Everything about work, the workforce, and the workplace are changing with a thought to meet the changing technology. In an undeniably aggressive market, organizational performance is directly linked to employee experience and people engagement.
As a result, promoting learning is becoming a domain for the enterprises today. There is a constant need to address the evolving challenges and opportunities for workforce innovation. The modern chief learning officers’ (CLO) responsibilities are changing and challenging. Whether to reduce costs, improve the business alignment, or prove learning and development value, there occurs the struggle at a subtler level.
Let us walk through the challenges in accomplishing employee experience and creating business value by putting on the CLO’s shoes.
Challenges CLOs might face in 2020
Being the drivers of corporate strategy, CLOs involve in developing the skill set of professionals to meet the end goals of an organization. They are the team players who mold the employees to fit into the changing organizational culture. But they too have their challenges or impediments as the business environment changes. New thinking and approach are critical for own’s survival. Let us explore the challenges of CLOs looking towards 2020 here.
Drifting from CLO legacy
To be honest, many CLOs look like glorified training directors. Though they talk about the ‘strategy talk’, many organizations still follow the so-called ‘training’ culture. Training may not be the answer for all. Learning and certification are necessary but as an enabler.
It is necessary to drift away from this tradition to:
- Define a narrow mission reflecting the highest business priorities
- Initiate to solve recognized business goals in hand
- Workforce needs solutions and not training for the prevailing problem
It is necessary to focus on standards, metrics, certifications, and results. The chief learning officer’s job is to identify techniques to measure business value and prove concrete results in training with business metrics.
Onboarding Generation-Z
The millennial generation is already in and gen-z are walking in. They are app-savvy and have integrated technology into life as no generation before. But they may lack the communication skills and fail to interact in person with the millennial generation. It is necessary to identify the skill gap of the gen-z workers like business communication, critical thinking and help them succeed in the environment.

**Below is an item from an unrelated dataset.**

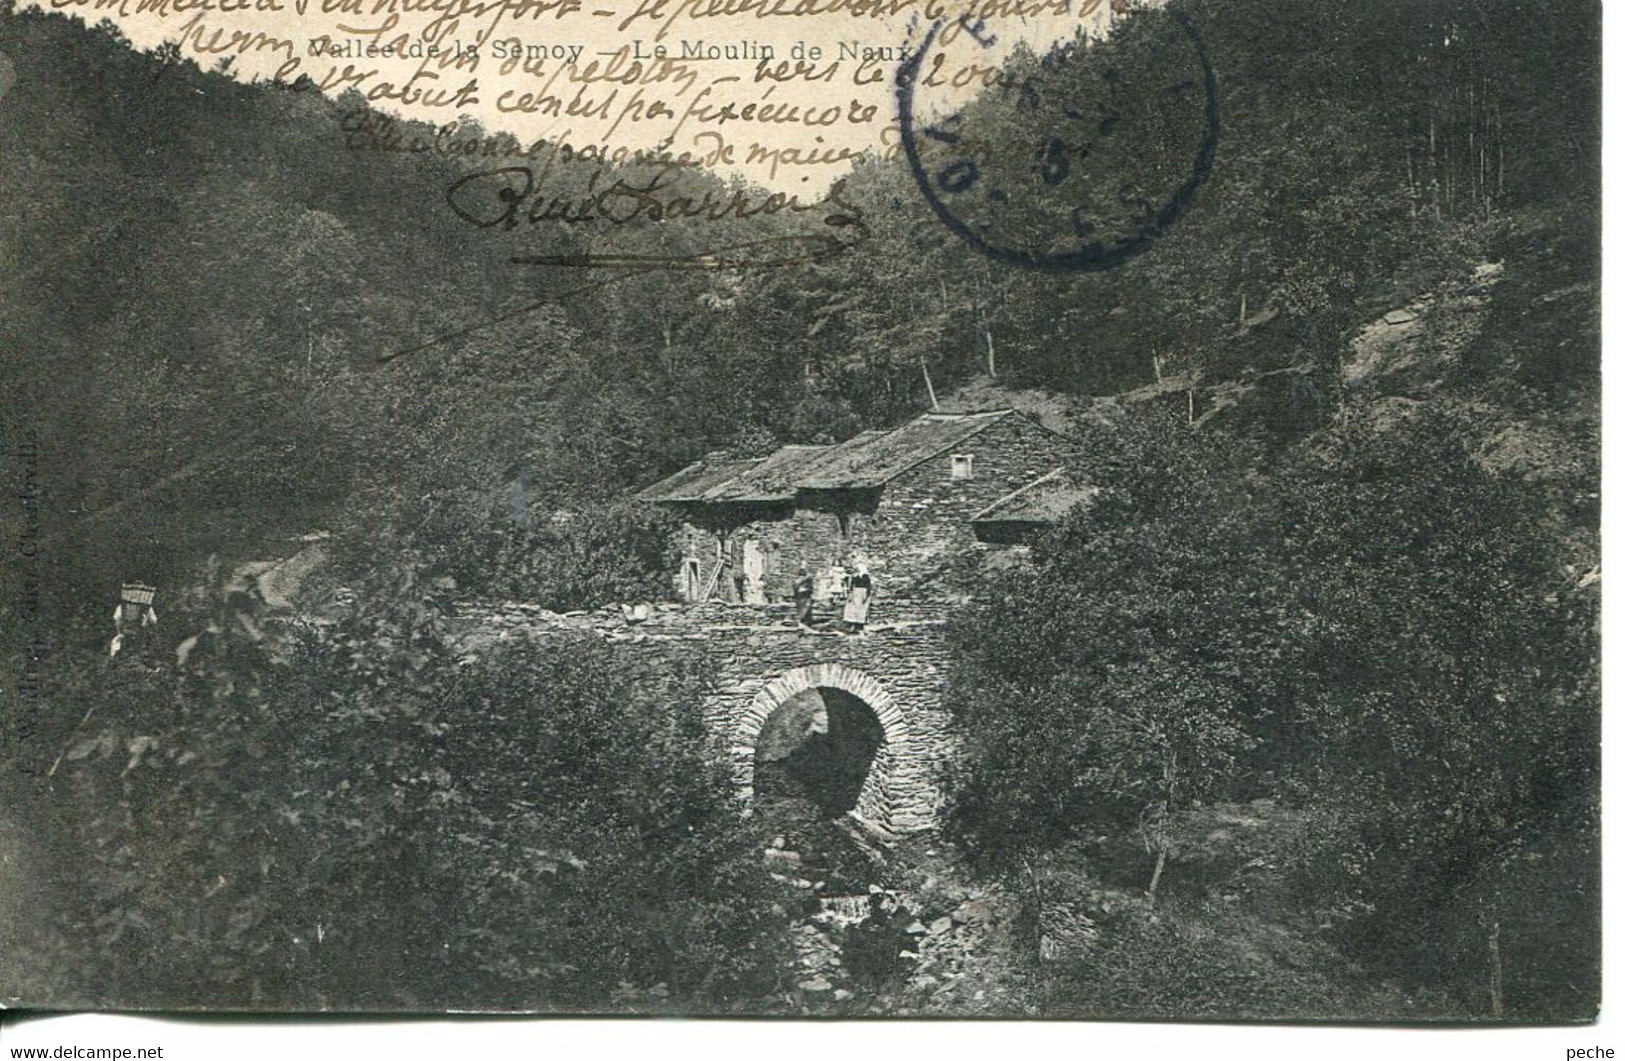 N°4599 R -cpa Vallée De La Samoy -le Moulin De Naux- - Moulins à Eau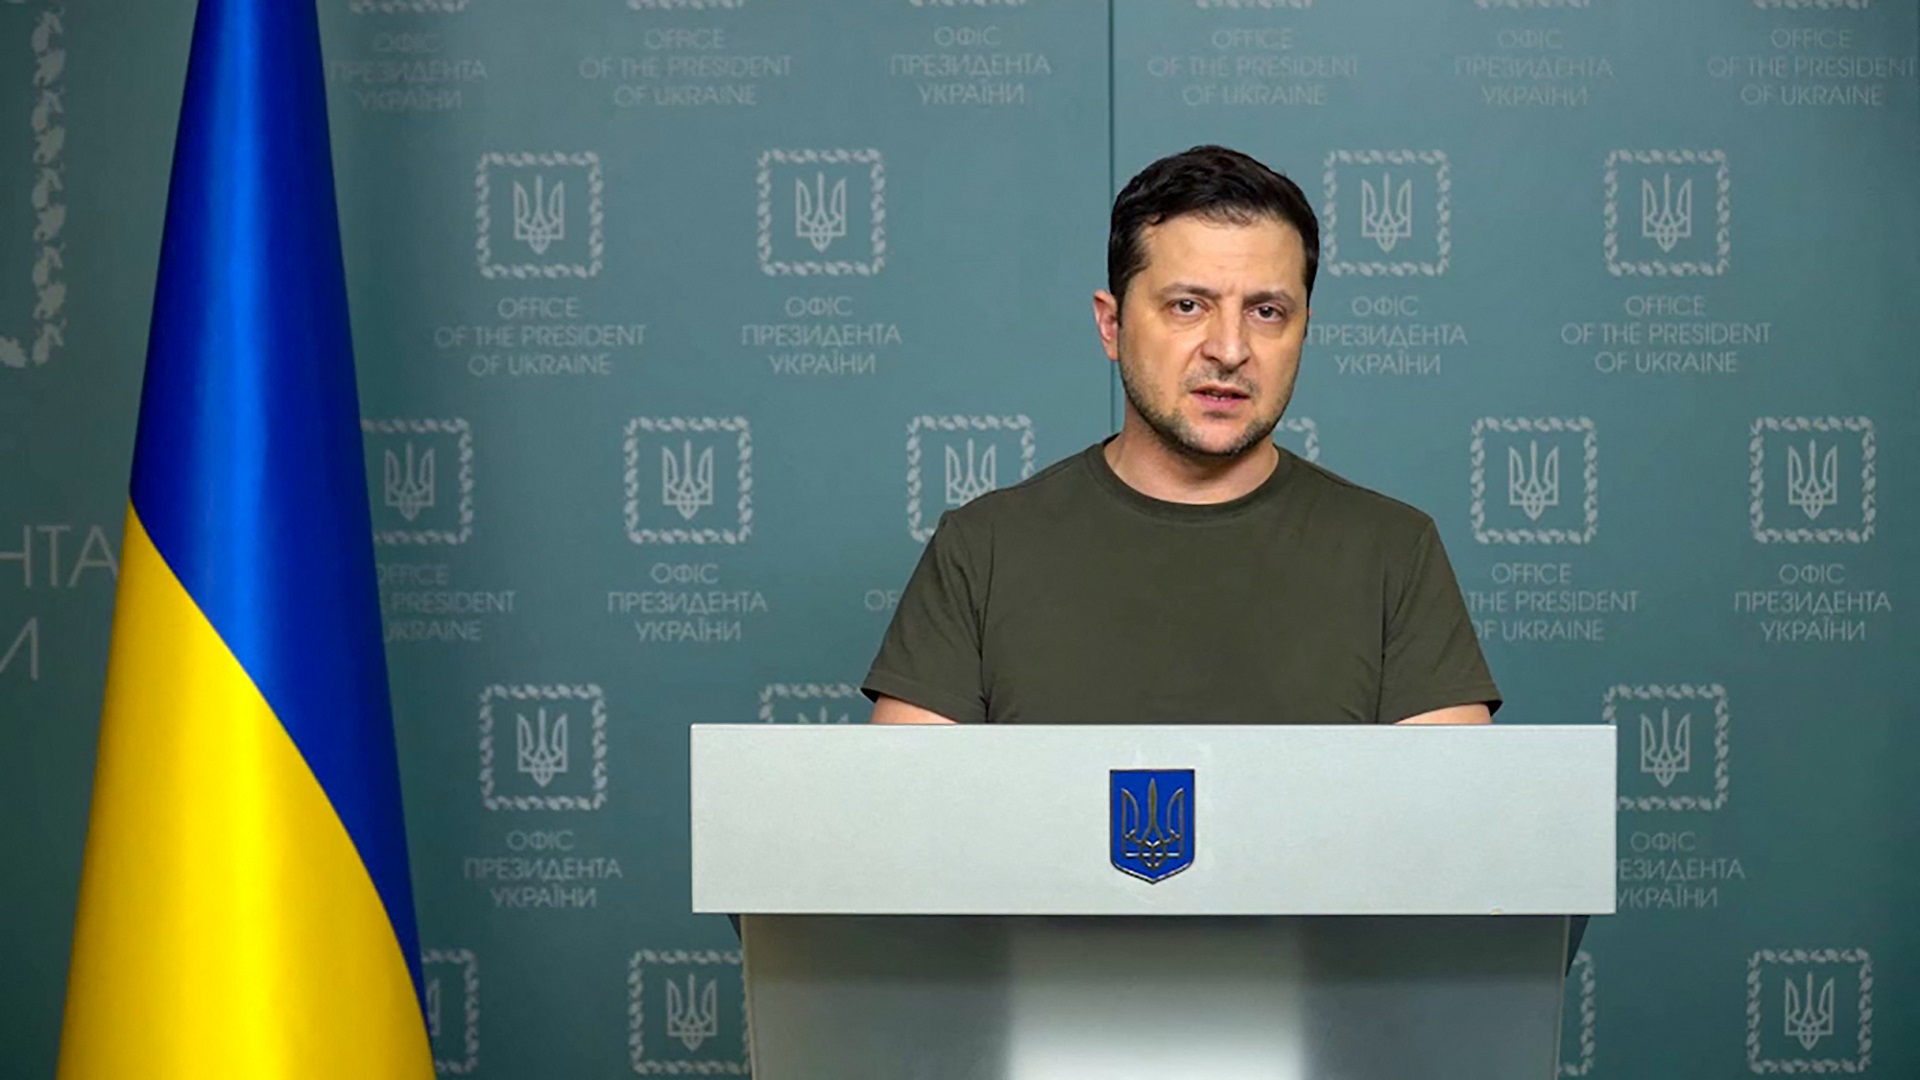 Esta grabación de vídeo tomada y publicada por el servicio de prensa de la Presidencia de Ucrania muestra al presidente ucraniano, Volodimir Zelensky, pronunciando un discurso en Kiev. (Foto de la PRESIDENCIA DE UCRANIA / AFP)

Incorporating emerging technologies
The emerging technologies are fascinating and useful indeed. It is necessary to identify the concrete ways to apply these technologies for improving training processes. Chief learning officers must go to the exact target and explore the technology for successful implementation. The solution is to start with the problem and explore how technology can solve them. Small tweaks in learning processes goes a long way in engaging people, reducing costs, and improving profitability.
Increasing business value
Learning and development must be the means to deliver value and results. It should be a quantifiable result for the business. Some of the quantifiable measures include productivity improvement, sales, return on investments, productivity, customer satisfaction, employee retention, employee growth, and, more.
The closing thought
The chief learning officers must transform learning and development function, change the mindset from training to delivering real business value. CLOs must be the bridge to communicate with the employees and management about learning and development. A quantifiable value for the investment is the go for the CLOs in 2020.